[[ Dataset entries open ]]

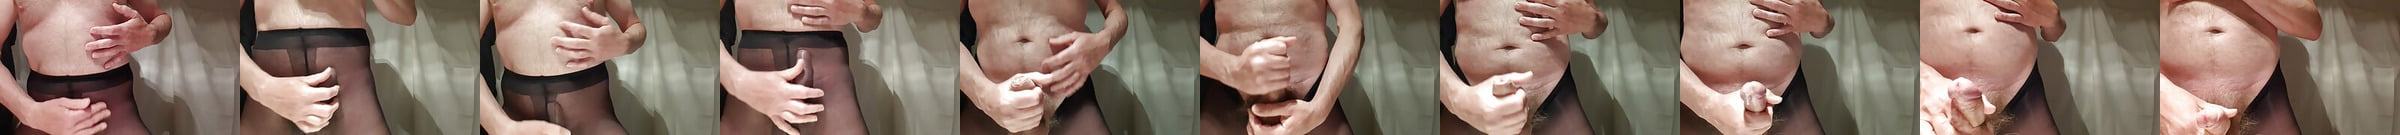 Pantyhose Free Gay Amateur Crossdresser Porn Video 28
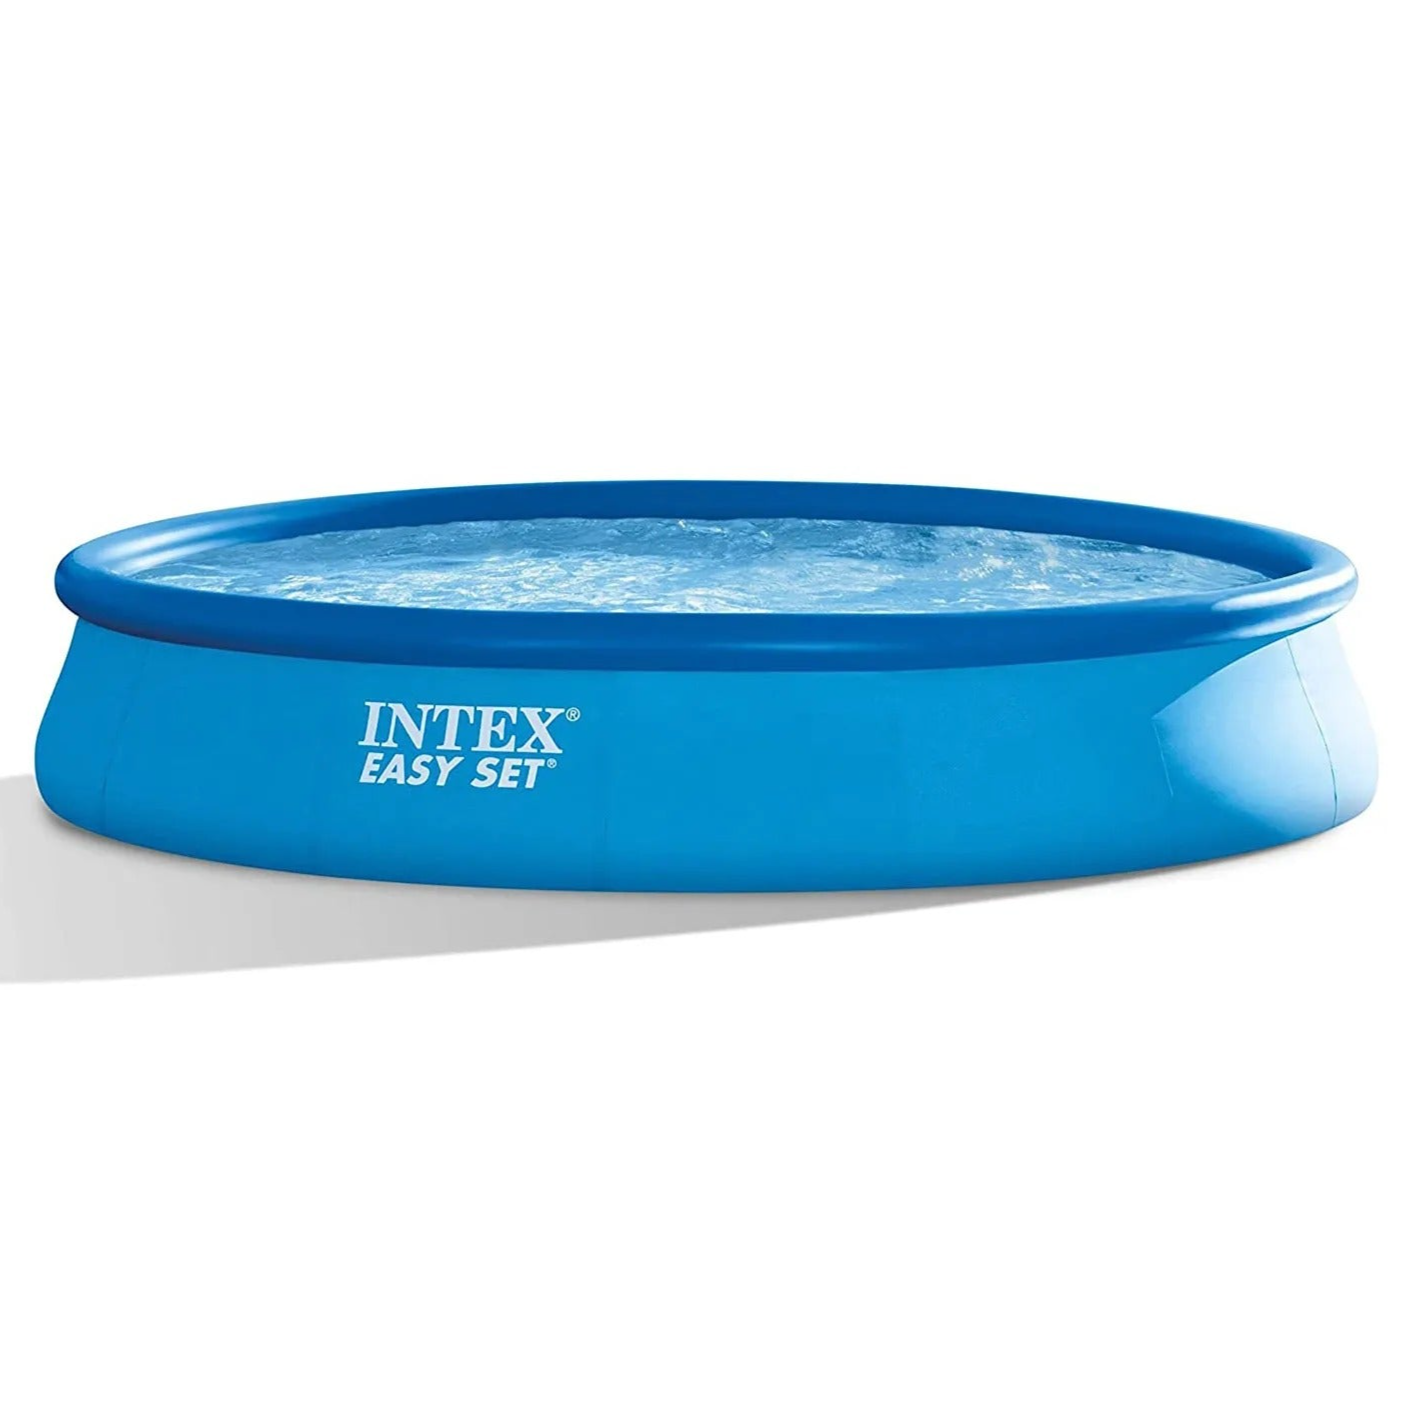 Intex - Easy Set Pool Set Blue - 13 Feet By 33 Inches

[[ Dataset entries closed ]]
[[ Dataset entries open ]]

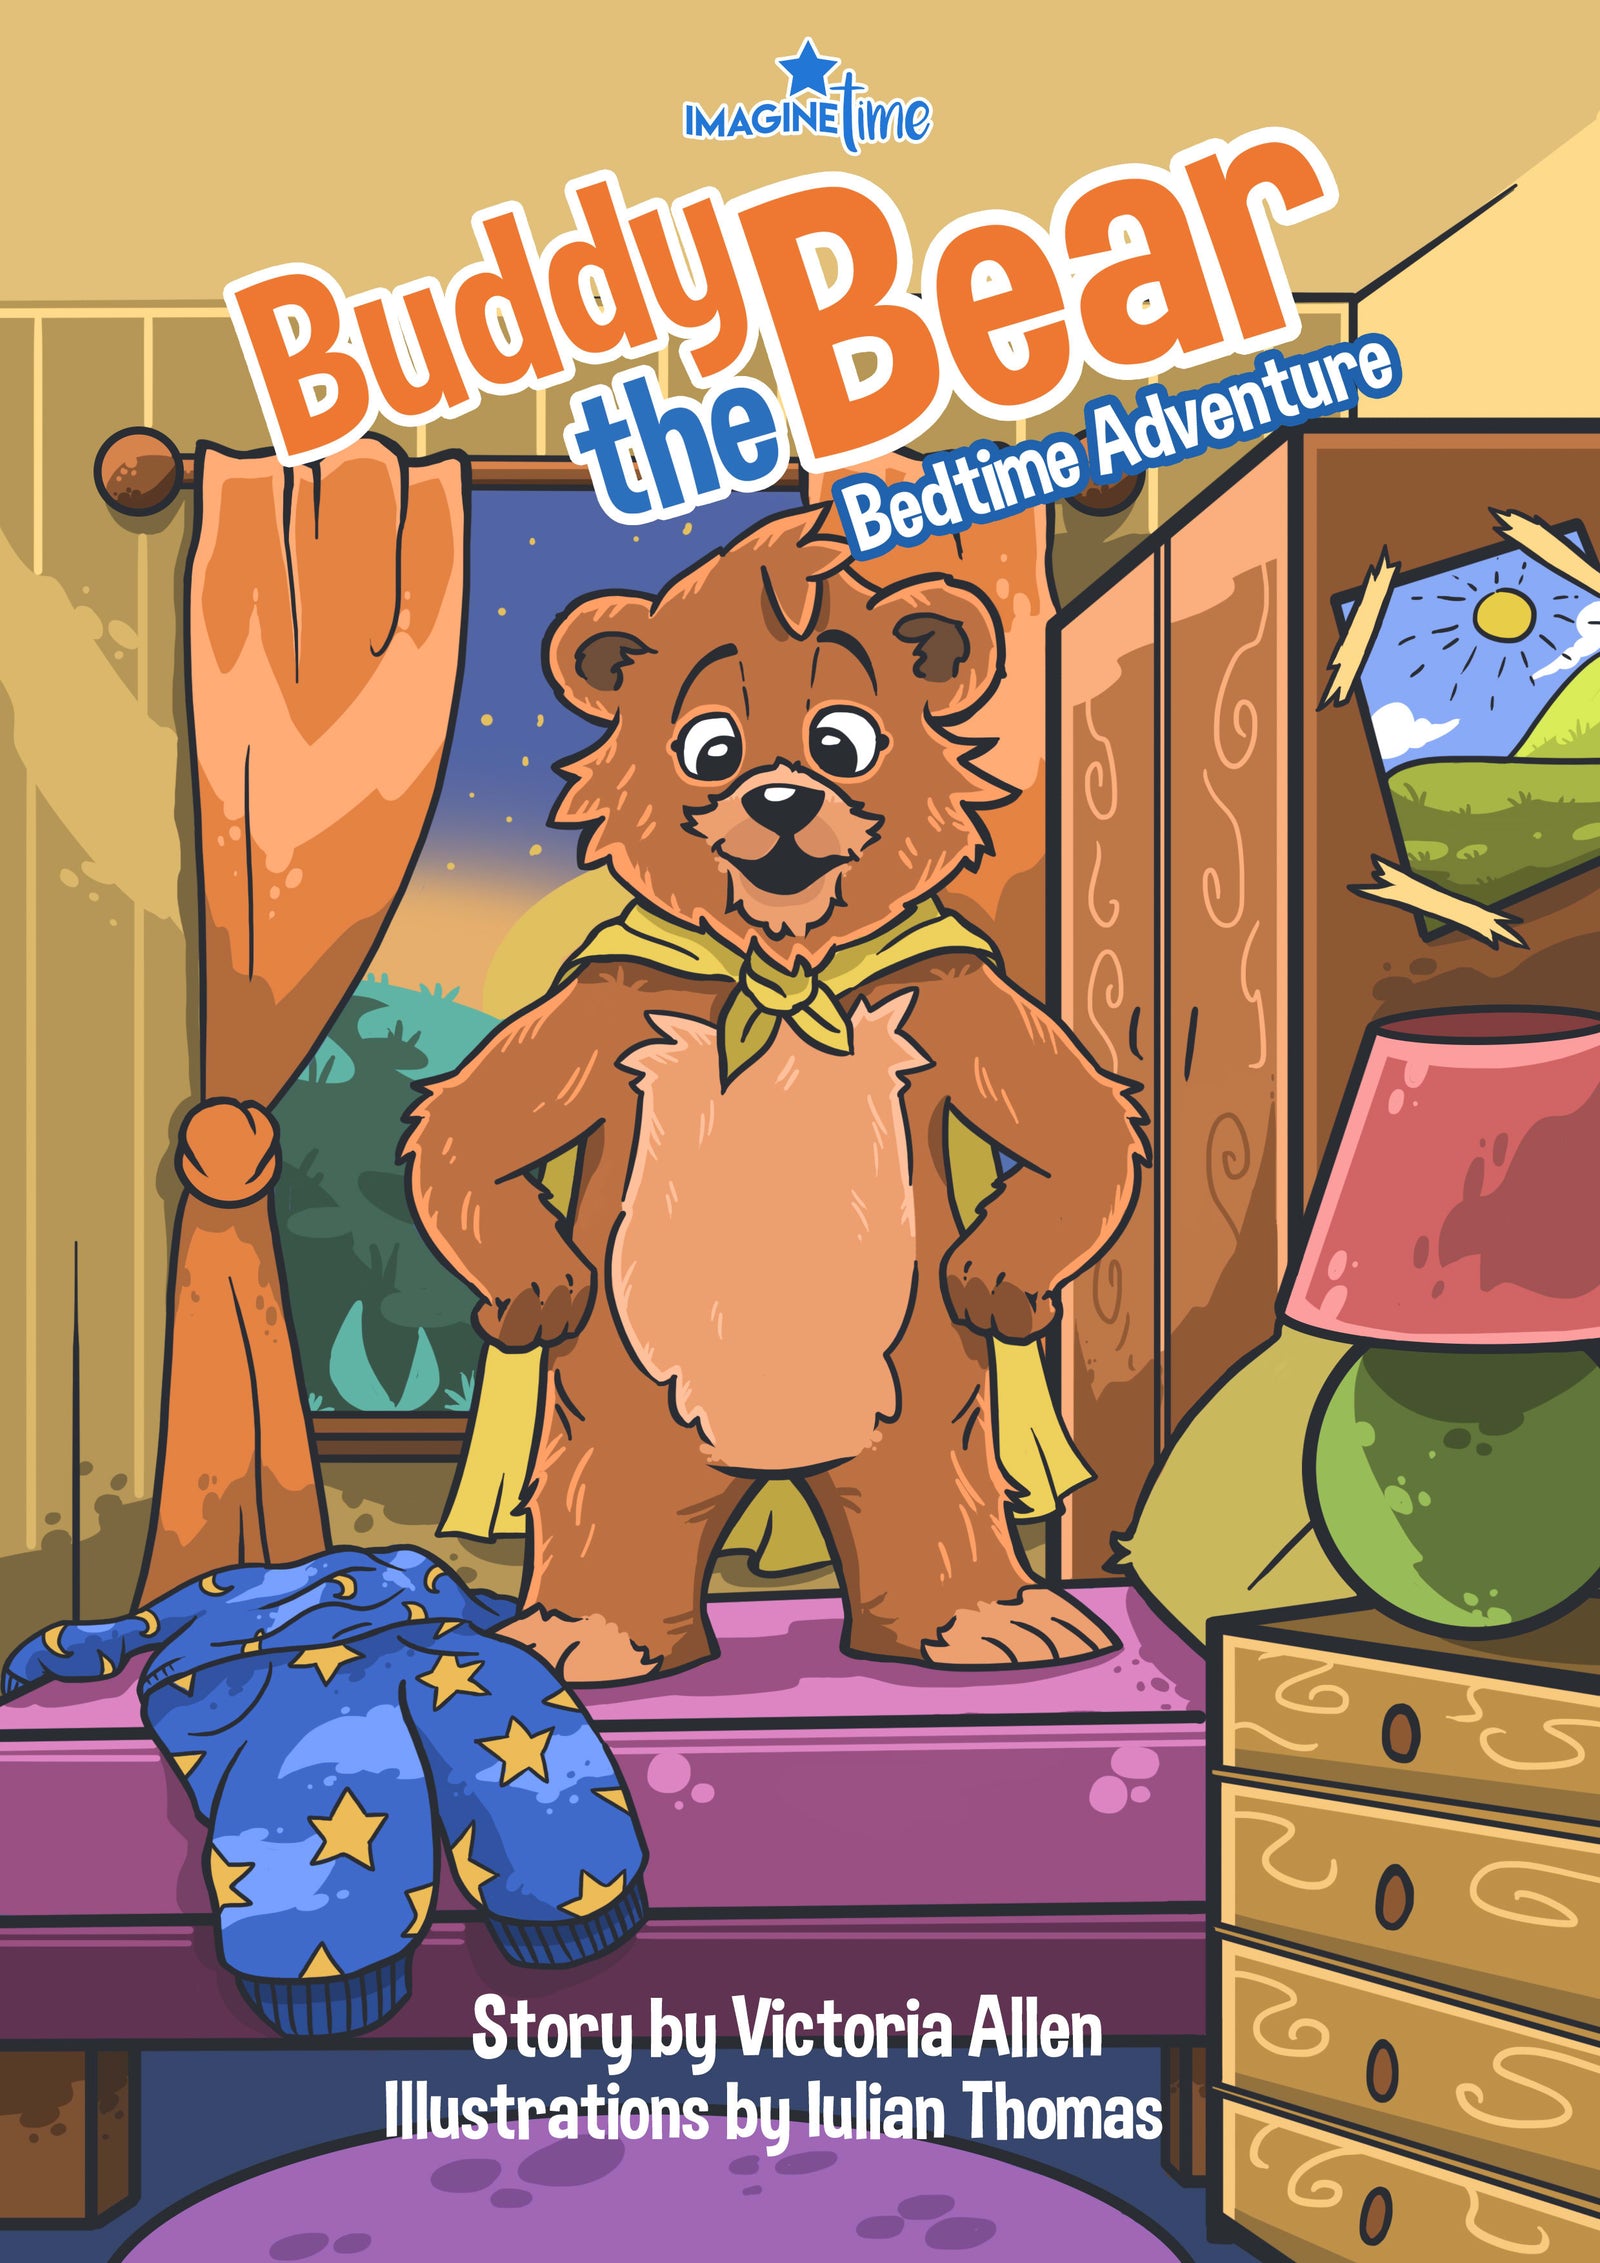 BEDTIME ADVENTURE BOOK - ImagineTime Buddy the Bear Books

[[ Dataset entries closed ]]

=== Requirement ===
Both boundary lines included, write out word for word only the lines above from the one containing "Pantyhose Free Gay" to the one containing "Intex - Easy", leaving out any pictures.

=== Solution to the problem ===
 Pantyhose Free Gay Amateur Crossdresser Porn Video 28
 Intex - Easy Set Pool Set Blue - 13 Feet By 33 Inches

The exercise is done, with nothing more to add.